◆ DATA EXTRACTS

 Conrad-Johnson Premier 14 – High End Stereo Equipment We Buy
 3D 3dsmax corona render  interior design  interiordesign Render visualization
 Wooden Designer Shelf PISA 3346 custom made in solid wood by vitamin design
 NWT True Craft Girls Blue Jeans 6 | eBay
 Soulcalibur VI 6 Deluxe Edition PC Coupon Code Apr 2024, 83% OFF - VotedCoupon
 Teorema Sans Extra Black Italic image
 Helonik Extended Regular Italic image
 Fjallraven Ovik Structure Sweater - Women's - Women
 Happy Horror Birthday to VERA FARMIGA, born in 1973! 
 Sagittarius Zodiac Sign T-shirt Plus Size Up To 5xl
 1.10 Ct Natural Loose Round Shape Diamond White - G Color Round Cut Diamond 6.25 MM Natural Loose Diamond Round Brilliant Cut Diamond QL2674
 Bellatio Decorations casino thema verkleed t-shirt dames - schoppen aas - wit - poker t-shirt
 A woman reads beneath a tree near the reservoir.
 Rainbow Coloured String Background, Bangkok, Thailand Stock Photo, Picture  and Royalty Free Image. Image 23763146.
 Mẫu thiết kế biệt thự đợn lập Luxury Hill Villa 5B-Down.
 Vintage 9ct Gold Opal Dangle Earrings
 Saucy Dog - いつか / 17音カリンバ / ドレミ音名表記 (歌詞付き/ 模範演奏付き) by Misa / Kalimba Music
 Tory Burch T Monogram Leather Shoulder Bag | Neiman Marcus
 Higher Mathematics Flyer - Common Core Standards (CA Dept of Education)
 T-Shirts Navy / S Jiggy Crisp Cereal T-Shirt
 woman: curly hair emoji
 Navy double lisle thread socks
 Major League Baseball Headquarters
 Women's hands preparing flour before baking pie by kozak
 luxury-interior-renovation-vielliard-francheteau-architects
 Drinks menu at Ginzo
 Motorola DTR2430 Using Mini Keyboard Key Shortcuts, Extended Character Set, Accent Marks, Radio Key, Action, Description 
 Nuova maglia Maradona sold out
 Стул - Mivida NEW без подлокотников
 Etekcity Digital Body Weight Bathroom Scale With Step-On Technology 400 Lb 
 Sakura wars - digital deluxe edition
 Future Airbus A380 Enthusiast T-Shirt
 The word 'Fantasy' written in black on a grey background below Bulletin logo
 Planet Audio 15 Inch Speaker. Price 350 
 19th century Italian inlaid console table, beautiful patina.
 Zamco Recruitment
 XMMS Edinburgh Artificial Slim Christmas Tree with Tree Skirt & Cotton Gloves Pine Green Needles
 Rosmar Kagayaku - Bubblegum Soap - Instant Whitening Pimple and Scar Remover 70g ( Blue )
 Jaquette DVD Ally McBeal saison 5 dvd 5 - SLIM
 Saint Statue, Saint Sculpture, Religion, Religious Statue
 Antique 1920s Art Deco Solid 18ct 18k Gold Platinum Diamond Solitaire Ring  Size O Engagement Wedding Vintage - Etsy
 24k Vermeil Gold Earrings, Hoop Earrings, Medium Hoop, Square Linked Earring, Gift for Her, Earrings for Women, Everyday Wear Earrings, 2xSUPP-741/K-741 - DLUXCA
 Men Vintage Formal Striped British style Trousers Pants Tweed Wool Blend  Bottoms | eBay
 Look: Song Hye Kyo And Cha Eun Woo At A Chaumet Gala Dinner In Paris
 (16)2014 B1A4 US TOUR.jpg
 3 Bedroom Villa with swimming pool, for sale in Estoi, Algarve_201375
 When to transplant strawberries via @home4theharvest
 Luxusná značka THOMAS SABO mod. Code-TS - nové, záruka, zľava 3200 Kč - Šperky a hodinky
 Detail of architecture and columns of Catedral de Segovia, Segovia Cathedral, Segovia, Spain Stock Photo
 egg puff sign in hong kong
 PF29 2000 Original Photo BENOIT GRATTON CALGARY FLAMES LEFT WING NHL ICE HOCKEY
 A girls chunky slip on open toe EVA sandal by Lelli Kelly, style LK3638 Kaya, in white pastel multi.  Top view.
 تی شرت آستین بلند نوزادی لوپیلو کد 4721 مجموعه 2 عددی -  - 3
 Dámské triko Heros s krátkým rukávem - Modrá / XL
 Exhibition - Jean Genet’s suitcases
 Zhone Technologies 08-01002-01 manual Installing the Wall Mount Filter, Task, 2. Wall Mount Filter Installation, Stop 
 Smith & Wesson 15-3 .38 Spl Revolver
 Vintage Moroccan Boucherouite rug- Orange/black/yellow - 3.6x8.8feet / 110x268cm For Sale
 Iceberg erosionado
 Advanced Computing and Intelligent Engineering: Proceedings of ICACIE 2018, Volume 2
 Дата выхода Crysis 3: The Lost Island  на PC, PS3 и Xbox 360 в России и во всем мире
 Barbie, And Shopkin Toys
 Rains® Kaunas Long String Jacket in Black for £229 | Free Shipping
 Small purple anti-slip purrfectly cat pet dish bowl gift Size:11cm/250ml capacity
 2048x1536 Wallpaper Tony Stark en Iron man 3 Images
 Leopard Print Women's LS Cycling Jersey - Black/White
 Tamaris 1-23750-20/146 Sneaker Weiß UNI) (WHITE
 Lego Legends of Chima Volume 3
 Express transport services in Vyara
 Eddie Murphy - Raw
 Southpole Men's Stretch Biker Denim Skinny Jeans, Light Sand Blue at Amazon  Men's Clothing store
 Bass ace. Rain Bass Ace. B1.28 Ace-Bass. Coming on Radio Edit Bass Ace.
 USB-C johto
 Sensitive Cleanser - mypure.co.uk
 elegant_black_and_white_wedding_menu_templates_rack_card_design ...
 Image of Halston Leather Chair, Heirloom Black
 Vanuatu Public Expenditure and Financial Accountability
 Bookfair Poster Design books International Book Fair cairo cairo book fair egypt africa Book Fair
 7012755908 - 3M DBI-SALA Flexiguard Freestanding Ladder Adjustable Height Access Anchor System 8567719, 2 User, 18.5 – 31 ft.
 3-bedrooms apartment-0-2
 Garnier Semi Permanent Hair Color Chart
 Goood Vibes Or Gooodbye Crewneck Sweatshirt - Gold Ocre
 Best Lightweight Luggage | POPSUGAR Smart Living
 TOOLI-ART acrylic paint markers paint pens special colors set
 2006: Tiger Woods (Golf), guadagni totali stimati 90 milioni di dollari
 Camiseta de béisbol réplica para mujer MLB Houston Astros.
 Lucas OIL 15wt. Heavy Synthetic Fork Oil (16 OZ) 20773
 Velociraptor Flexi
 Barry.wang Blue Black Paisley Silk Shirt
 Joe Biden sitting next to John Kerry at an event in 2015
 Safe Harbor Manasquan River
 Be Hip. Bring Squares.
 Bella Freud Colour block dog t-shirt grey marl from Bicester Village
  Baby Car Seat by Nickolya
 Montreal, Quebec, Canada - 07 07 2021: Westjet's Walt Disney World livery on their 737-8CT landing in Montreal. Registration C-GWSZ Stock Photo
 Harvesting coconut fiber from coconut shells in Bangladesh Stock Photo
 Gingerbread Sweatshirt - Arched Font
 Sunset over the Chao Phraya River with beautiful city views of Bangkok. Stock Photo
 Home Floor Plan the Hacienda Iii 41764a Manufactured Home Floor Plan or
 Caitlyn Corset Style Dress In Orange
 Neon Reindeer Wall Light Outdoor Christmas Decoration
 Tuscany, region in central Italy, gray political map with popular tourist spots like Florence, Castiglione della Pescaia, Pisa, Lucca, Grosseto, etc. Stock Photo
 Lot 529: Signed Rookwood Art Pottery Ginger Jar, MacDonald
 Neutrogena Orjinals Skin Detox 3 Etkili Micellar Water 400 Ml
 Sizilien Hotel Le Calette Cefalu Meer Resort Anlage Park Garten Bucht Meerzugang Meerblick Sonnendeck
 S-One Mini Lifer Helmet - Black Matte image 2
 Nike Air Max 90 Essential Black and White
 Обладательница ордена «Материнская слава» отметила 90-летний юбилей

◆ TASK DIRECTIONS
Please output exactly the lines between the one holding "7012755908 - 3M" and the one holding "Best Lightweight Luggage" in the records above, inclusive, and nothing more.

◆ EXPECTED ANSWER
 7012755908 - 3M DBI-SALA Flexiguard Freestanding Ladder Adjustable Height Access Anchor System 8567719, 2 User, 18.5 – 31 ft.
 3-bedrooms apartment-0-2
 Garnier Semi Permanent Hair Color Chart
 Goood Vibes Or Gooodbye Crewneck Sweatshirt - Gold Ocre
 Best Lightweight Luggage | POPSUGAR Smart Living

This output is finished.